Enquête sur le business peu florissant de la vente de roses à la sauvette à travers le portrait d'Ali, un Pakistanais récemment arrivé en Europe.

Ali, chargé de ses roses et de ses chapeaux, en mouvement incessant dans les rues de Bruxelles jusqu'au petit matin.

Enquête sur le business peu florissant de la vente de roses à la sauvette à travers le portrait d'Ali, un Pakistanais récemment arrivé en Europe.

29 Juil
2015

La réalité épineuse des vendeurs de roses pakistanais

À la tombée de la nuit, au détour d’un restaurant ou depuis la terrasse d’un bar, nous avons tous déjà croisé ces silhouettes familières. L’air dépité, un bouquet défraîchi sous le bras, les vendeurs de roses déambulent dans nos rues sans attirer la moindre attention. Qui sont-ils ? D’où viennent-ils ? Comment vivent-ils ? Sont-ils à la solde d’exploiteurs ou travaillent-ils pour leur compte personnel ? Autant de questions que l’on se pose rarement, face auxquelles les autorités elles-mêmes sont démunies. Nous sommes partis à la recherche de réponses… 

Fixée sur le mur de la chambre, une horloge traditionnelle gravée d’inscriptions ourdoues indique qu’il est 11 heures. Ali borde soigneusement son lit d’une couverture moite et délavée avant de faire réchauffer le reste d’un café préparé la veille. Dans cette petite pièce obscure d’environ 15 m² située sous les combles d’un appartement molenbeekois, difficile de ne pas être distrait par les roucoulades incessantes des pigeons batifolant au-dessus de nos têtes.

Ce matin-là, Ali a rendez-vous avec Hammad, un ami, pour récupérer son stock de roses. Ils prévoient tous les deux de se rendre au carnaval de Binche dès le lendemain, l’occasion de faire du « good money », comme ils disent. Pour la marchandise, ils s’arrangent entre eux. Aujourd’hui, Hammad s’est chargé de l’approvisionnement. Cette marchandise, c’est au marché matinal de Bruxelles qu’ils la dénichent. En face du canal, non loin de la gare du Nord et du quartier schaerbeekois se trouve « Mabru », le marché de gros de la capitale. Il est 4 heures du matin quand ces halles gigantesques ouvrent leurs portes. Dans l’agitation générale, fournisseurs et commerçants s’attellent déjà à leurs tâches respectives : déchargement des camions, remorquage des cargaisons, mise en place des étalages. Le bâtiment B, un hangar d’une superficie incommensurable, regroupe les grossistes en fleurs venus pour la plupart de Belgique, de Hollande et du Maghreb.

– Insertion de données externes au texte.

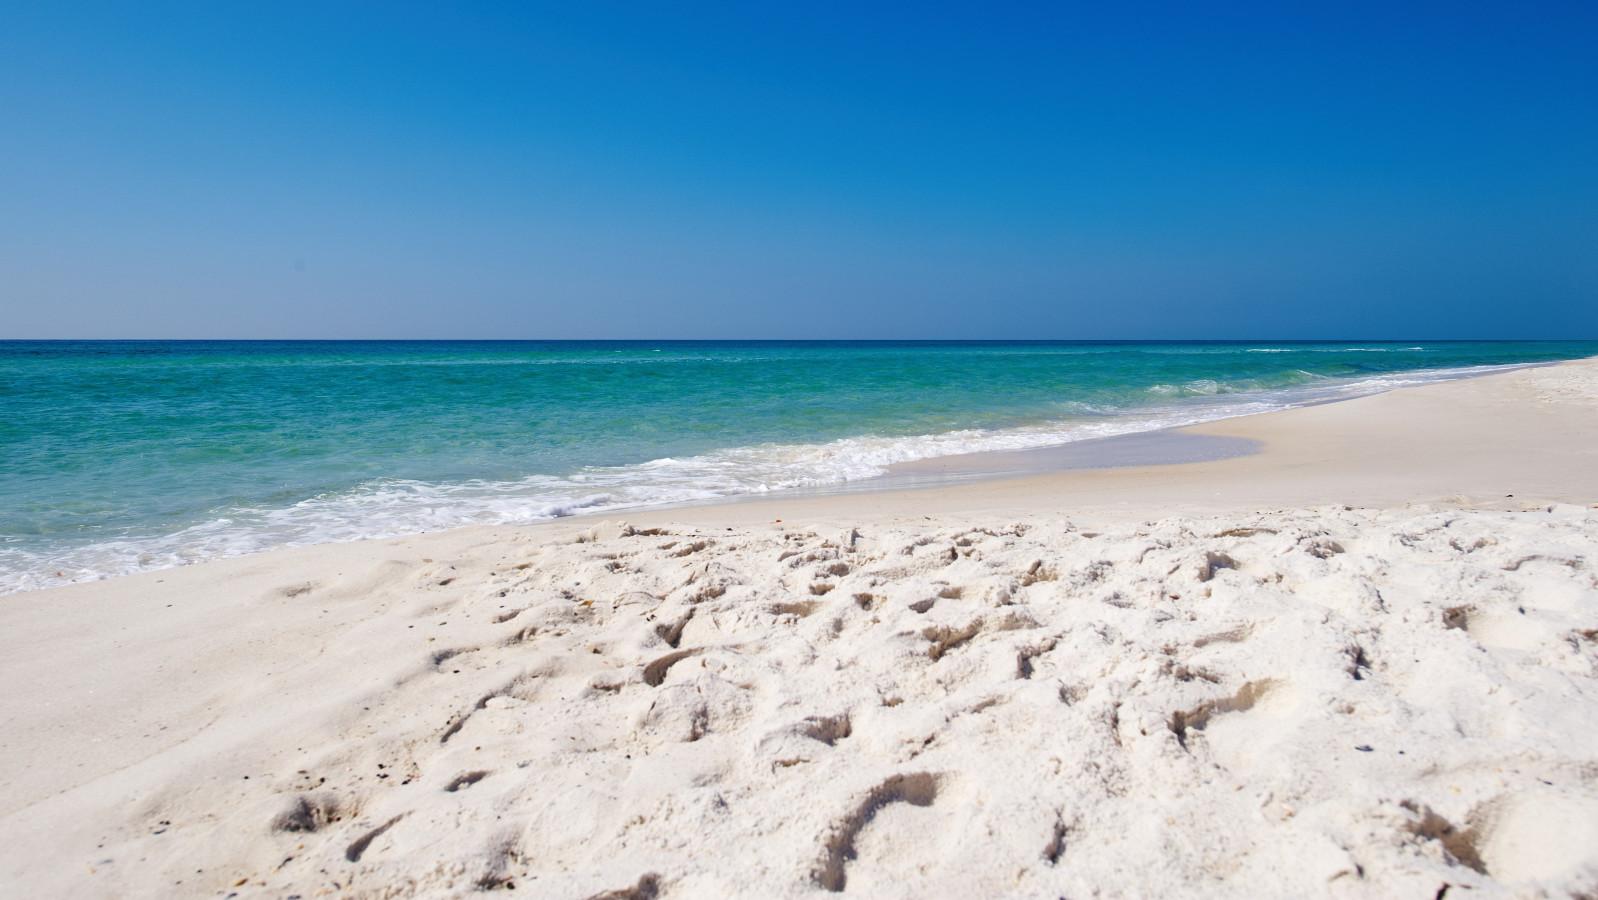 The Beach | The Official Carillon Beach Website

Au fond de l’entrepôt, Nordine possède tout un étalage de fleurs. C’est chez lui que viennent se fournir les Pakistanais plusieurs fois par semaine. Originaire de Tunisie, il travaille ici depuis une dizaine d’années et affirme les côtoyer régulièrement : « Le plus souvent, ils arrivent dès l’ouverture des entrepôts, à 4 heures. Ils veulent être les premiers pour pouvoir récupérer les roses un peu défraîchies qu’on vend à prix cassé. » Venues de Hollande, les roses exposées sur le stand affichent en effet des prix très démocratiques. Entre 30 et 60 centimes le bouquet de vingt, le bénéfice des vendeurs pakistanais devient intéressant. Dans les rues, ils revendent une rose pour 2 euros, celle-ci ne leur ayant coûté initialement que deux centimes en moyenne. Un business somme toute avantageux et astucieusement goupillé. En plus de quelques chapeaux à paillettes et autres bibelots attrape-touristes dégotés chez les grossistes chinois de la gare du Midi, les voici munis de leurs sacs de roses prêts à battre le pavé bruxellois.

Mabru, le marché grossiste bruxellois situé entre Laeken et Schaerbeek.

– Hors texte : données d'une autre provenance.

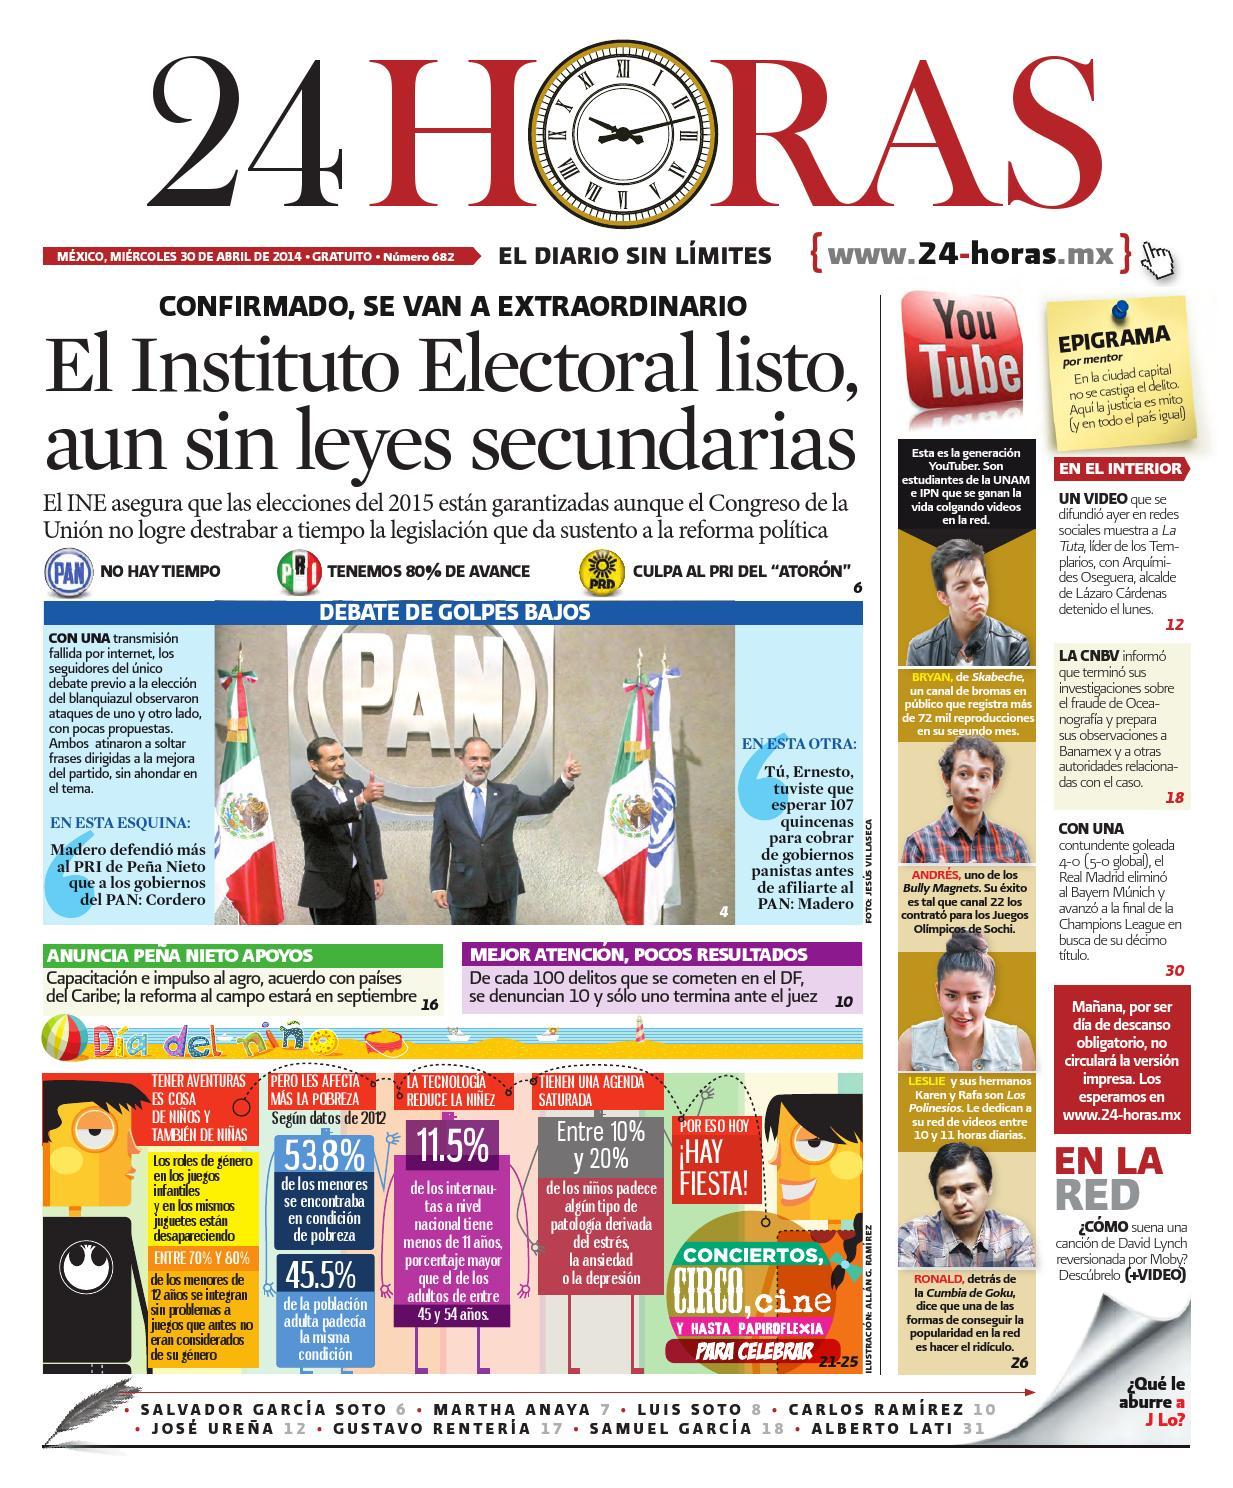 Abril | 30 | 2014 by Información Integral 24/7 SAPI de C.V. - issuu

Mabru, le marché grossiste bruxellois situé entre Laeken et Schaerbeek.

Molenbeek, point de chute de la communauté

Ali profite des quelques heures qui lui restent avant de commencer sa tournée des fleurs. C’est à la terrasse d’un café, au cœur de son quartier, qu’il retrouve des visages familiers avec lesquels il discute « business ». Aux pieds de ses acolytes sont déjà disposés les énormes sacs remplis de bouquets de roses qu’ils se partageront avant de commencer leur baguenaude. Il est 17 heures, le temps pour Ali de se diriger vers le centre-ville, un bouquet de fleurs dans une main et une pile de chapeaux dans l’autre. Sourire discret et démarche hésitante, il accoste les premiers couples d’amoureux qu’il rencontre sur son passage. Certains dédaignent sèchement quand d’autres détournent leur regard en exprimant un léger malaise. Après avoir arpenté les rues avoisinant la Grand-place pendant plusieurs heures, Ali rentrera chez lui avec, en poche, pas plus d’une dizaine d’euros et une marchandise à peine écoulée.

Rares sont ceux qui n’ont jamais croisé le chemin de ces vendeurs pakistanais. Ils sillonnent chaque soir les quartiers touristiques, branchés et fêtards. Ils se penchent furtivement à la table d’un restaurant ou devant l’entrée d’une boîte de nuit, tentent de soutirer quelques euros en bredouillant un français médiocre. La réaction la plus commune lorsque nous les croisons au détour d’une ruelle est souvent un hochement négatif de la tête ponctué d’un formel « Non, merci ». Quand bien même certains finissent par céder à la quémande, ce ne sont que les quelques centimes laissés au fond d’une poche qu’ils consentent à échanger contre une rose terne et sans parfum. Dans l’indifférence générale, ils arpentent les ruelles bruxelloises jusqu’au petit matin. Dans les restaurants et sur les terrasses des bars, on laisse faire. La plupart des patrons de cafés bruxellois ne prennent plus la peine de les chasser. « À quoi bon ? », me demandent-ils. « On ne va pas s’amuser à les foutre à la porte à chaque fois qu’ils viennent vendre leurs bouquets de fleurs ! »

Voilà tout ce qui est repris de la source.